= Property P conjecture =

Theorem in topology

In geometric topology, the Property P conjecture is a statement about 3-manifolds obtained by Dehn surgery on a knot in the 3-sphere. A knot in the 3-sphere is said to have Property P if every 3-manifold obtained by performing (non-trivial) Dehn surgery on the knot is not simply-connected. The conjecture states that all knots, except the unknot, have Property P.

Research on Property P was started by R. H. Bing, who popularized the name and conjecture.

This conjecture can be thought of as a first step to resolving the Poincaré conjecture, since the Lickorish–Wallace theorem says any closed, orientable 3-manifold results from Dehn surgery on a link.
If a knot $K \subset \mathbb{S}^{3}$ has Property P, then one cannot construct a counterexample to the Poincaré conjecture by surgery along $K$.

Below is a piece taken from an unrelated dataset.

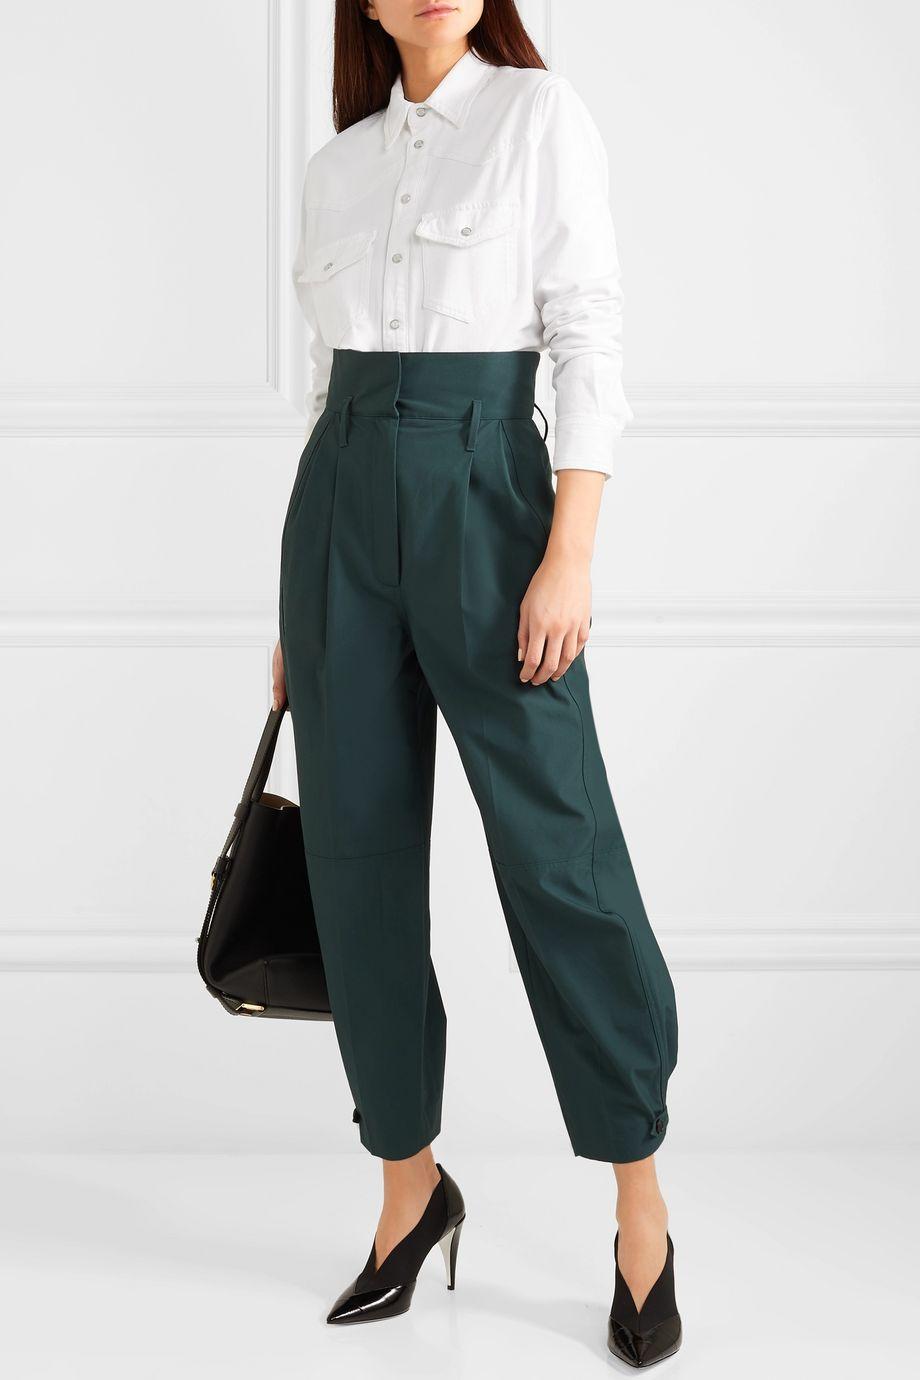 Givenchy Frayed denim shirt

A proof was announced in 2004, as the combined result of efforts of mathematicians working in several different fields.

==Algebraic Formulation==

Let $[l], [m] \in \pi_{1}(\mathbb{S}^{3} \setminus K)$ denote elements corresponding to a preferred longitude and meridian of a tubular neighborhood of $K$.

$K$ has Property P if and only if its Knot group is never trivialised by adjoining a relation of the form $m = l^{a}$ for some $0 \ne a \in \mathbb{Z}$.